Tuesday, March 11, 2014

Time to Stop and Smell the Chickens

When you are too busy to mourn the loss of your favourite hen, it's a wake-up call about your life and your priorities.
You need more chicken in your life.
An email came in last week -- last week already! -- letting me know, very gently, very compassionately that Patti had died.
"She gone!" my husband wrote.
It wasn't until the past Sunday when the weather was nice and enough snow had melted to entice the chickens outside beyond the steps that I had the chance to express my condolences.
"Oh, Patti is gone, girls," I said as I tossed scratch on the ground without Patti's usual hopping underneath.
Patti was one of the founding members of the second wave of our original flock. Shortly after we opened our newly-built coop (and the fulfillment of a dream of mine to have livestock), the original eight brown laying hens were augmented by four "purebred" hens and new rooster (after a fox made off with our first one within a day of his arrival). I didn't name any of the brown hens because, sorry girls, they all look the same but the new ones were all different.
Patti received her name because she is a patridge-coloured Rock.


Chicken names are as arbitrary as that. (I have an australorp named Gwen because her feathers are jet black and they remind me of an older woman in my hometown who had a helmet of hair the same colour).
We don't actually know how long a hen lives but Patti was a young bird when we got her so she lived to be six years old. She was friendly, inquisitive and companionable around the yard. When she knew we had come into the outer coop and could hear the sound of the feed scoop in the scratch, she would throw herself against the door.
Once we'd opened the door into the actual poultry living space, she would leap up to pick food right off the scoop.
Patti the Pogo Chick.
There is only one remaining chicken from that original flock -- and that's our rooster, Brewster.
Here is some of the crew several years ago when our flock was again down to half a dozen or so. Brewster is one the right -- handsome boy -- and Patti is on the right (and that's Gwen third in).
Yes, every chicken in this picture has a name. Sadly, only Brewster, Gwen and Beulah are with still with us.
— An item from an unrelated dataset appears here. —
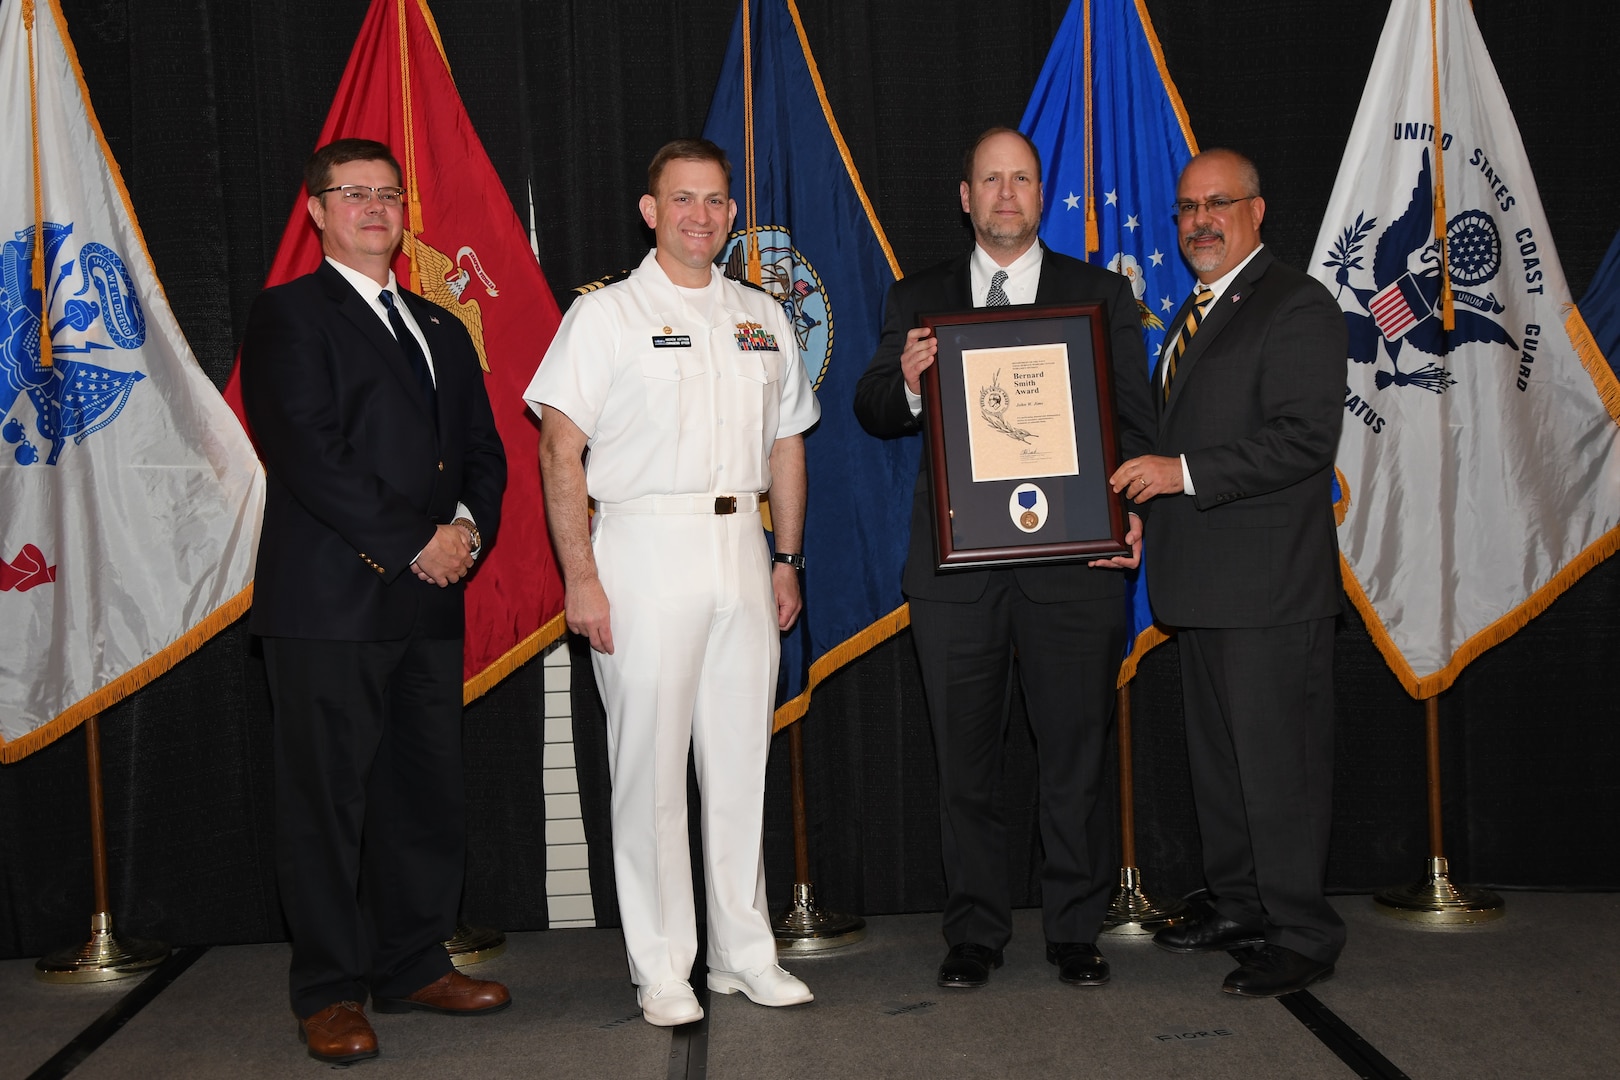 IMAGE: John Jims is presented the Bernard Smith Award at Naval Surface Warfare Center Dahlgren Division's annual awards ceremony, Apr. 26 at the Fredericksburg Expo and Conference Center.

Boy, do I miss knowing who is who, being able to give them names.
I miss hanging out with my chickens. It's very peaceful. The gentle sound of their berk-berk-berk as they wander around pecking at the ground, their squawks when one enforces the pecking order, their dirt baths, Brewster's crow.
"Your welcome," I say to him since I'm sure he's saying thank you for whatever treat I've brought out.
We've been mostly lucky in our choice of birds; they're generally docile. They are fun to hang out with. When we first started with the chickens, I'd spend a good part of my day with them, listening to them, watching them, breathing, relaxing, calming down.
Now I'm busy, trying to fit a walk with the dogs in after a long day at work, rushing to and from interviews and meetings and appointments. It shocks me to realize that I'm too busy to be part of the chicken chores and the chicken's routines. I helped a dozen chicks come into the world last July but I hardly know them now and they're laying eggs (green ones). There's a little black one in the flock now that really should be named...
I'm not taking the time to hang out with the chickens and that's a loss.
Like losing Patti but not missing her.
Like losing farms but not noticing the empty fields.
When you are too busy to mourn the passing of a favourite chicken or a long-time farmer, you are in danger of losing touch with the little things that feed our bodies and our spirits.